- **PROVIDED MATERIAL**:
BEGIN

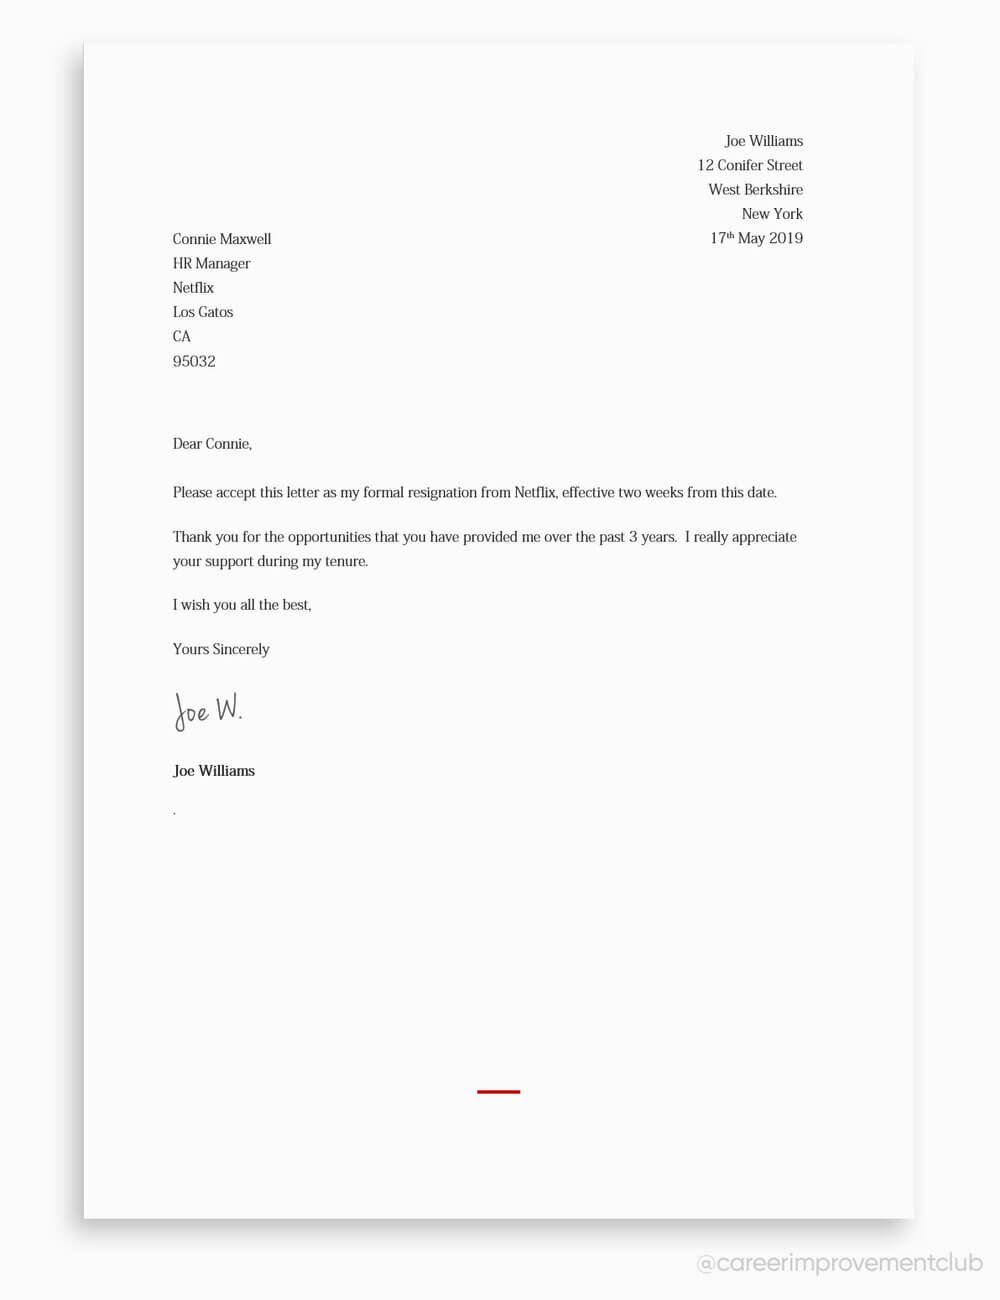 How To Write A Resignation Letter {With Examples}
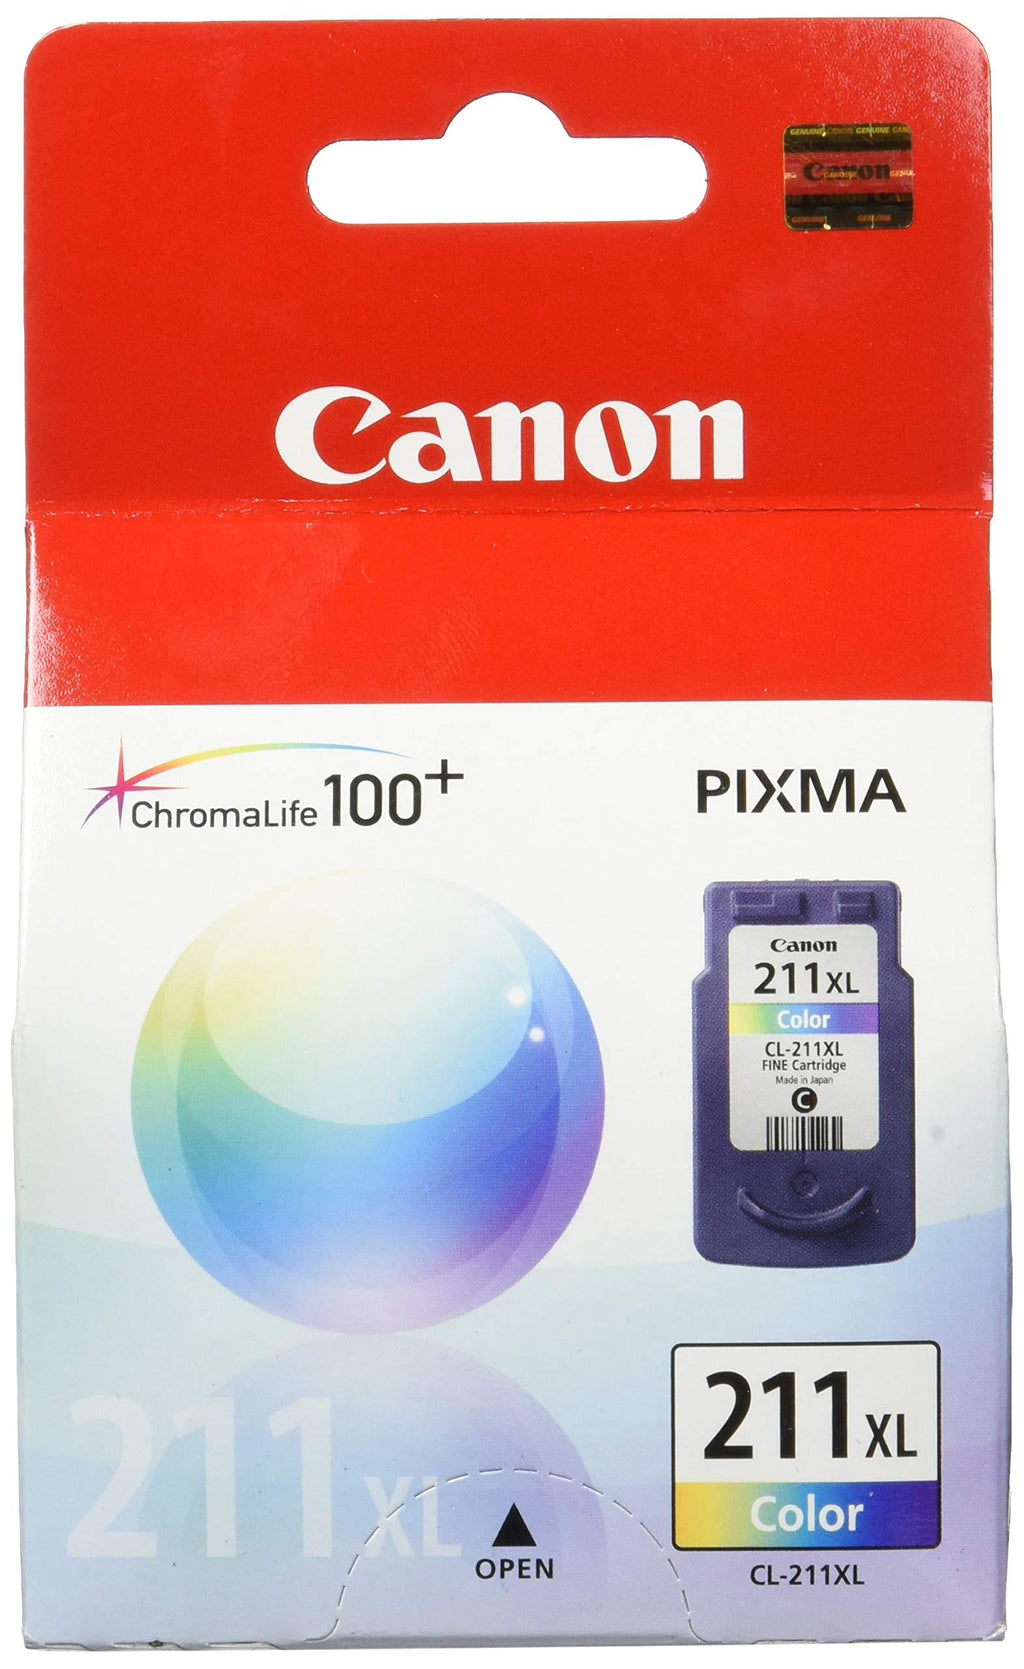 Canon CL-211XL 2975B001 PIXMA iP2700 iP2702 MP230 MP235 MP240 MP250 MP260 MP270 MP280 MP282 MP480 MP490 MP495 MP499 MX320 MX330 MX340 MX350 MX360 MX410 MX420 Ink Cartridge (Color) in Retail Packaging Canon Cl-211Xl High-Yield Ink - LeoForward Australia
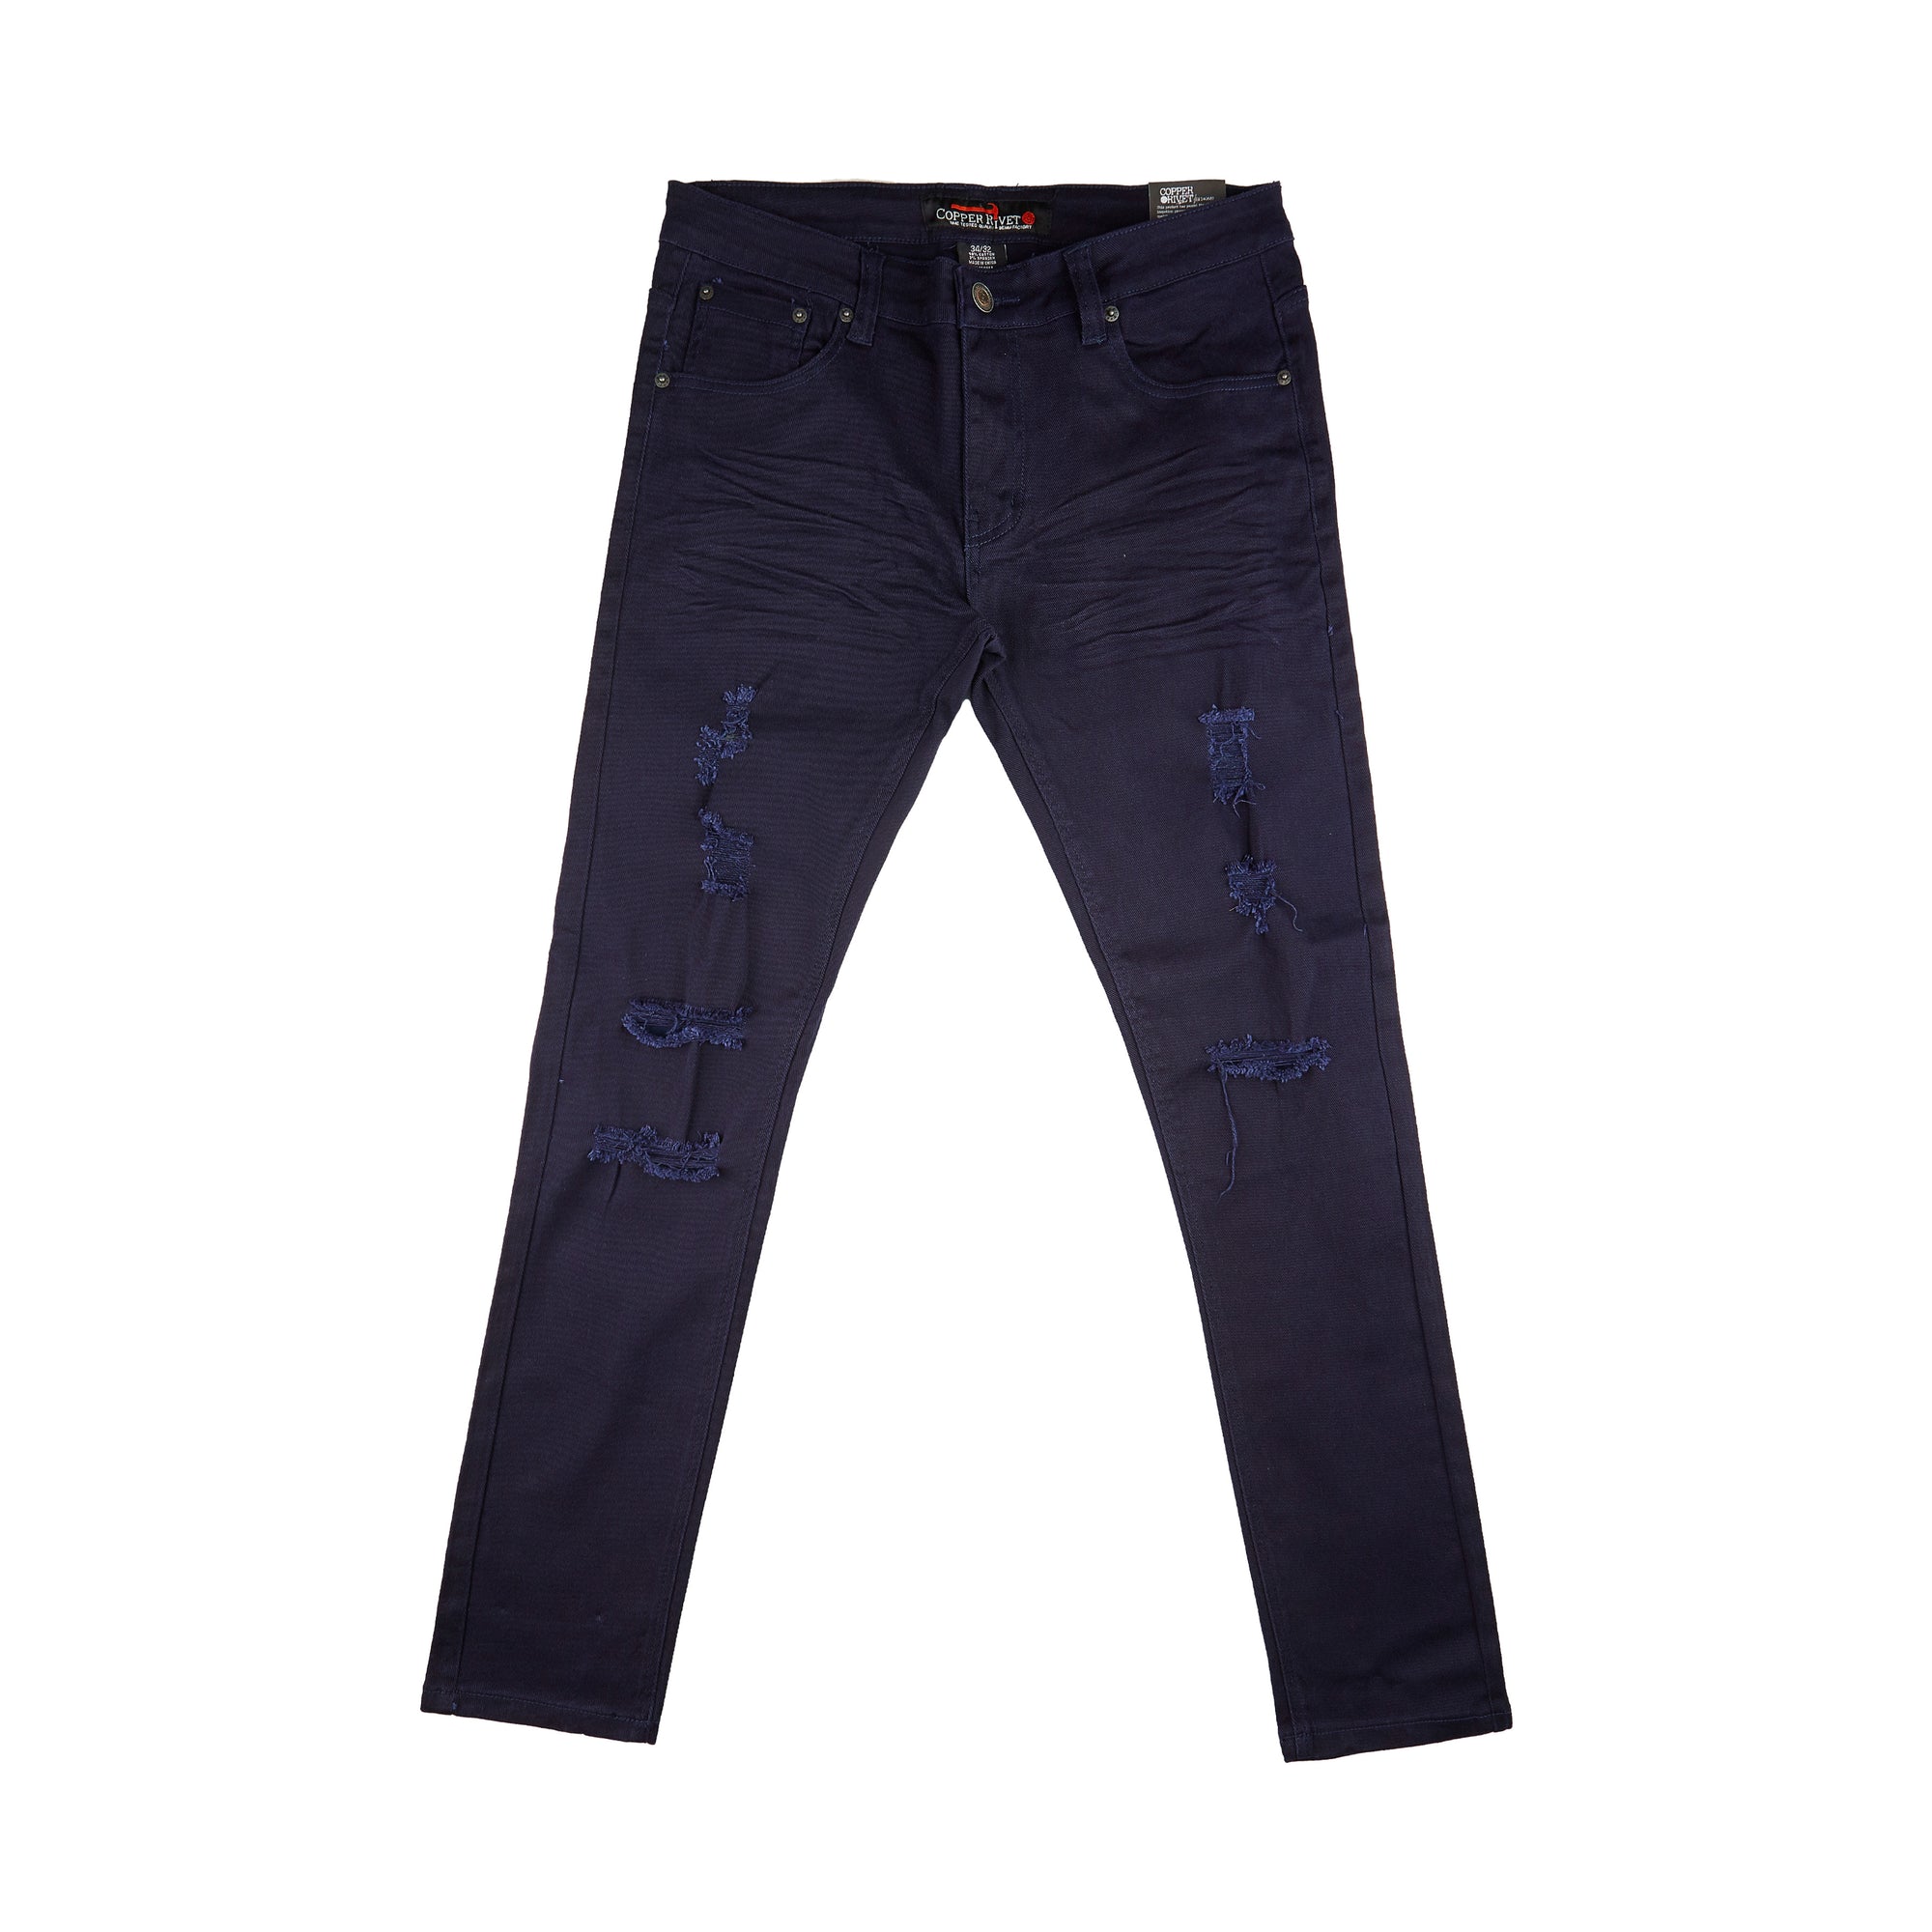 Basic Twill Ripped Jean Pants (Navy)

END

Reproduce each line above precisely, with no pictures.

 How To Write A Resignation Letter {With Examples}
 Canon CL-211XL 2975B001 PIXMA iP2700 iP2702 MP230 MP235 MP240 MP250 MP260 MP270 MP280 MP282 MP480 MP490 MP495 MP499 MX320 MX330 MX340 MX350 MX360 MX410 MX420 Ink Cartridge (Color) in Retail Packaging Canon Cl-211Xl High-Yield Ink - LeoForward Australia
 Basic Twill Ripped Jean Pants (Navy)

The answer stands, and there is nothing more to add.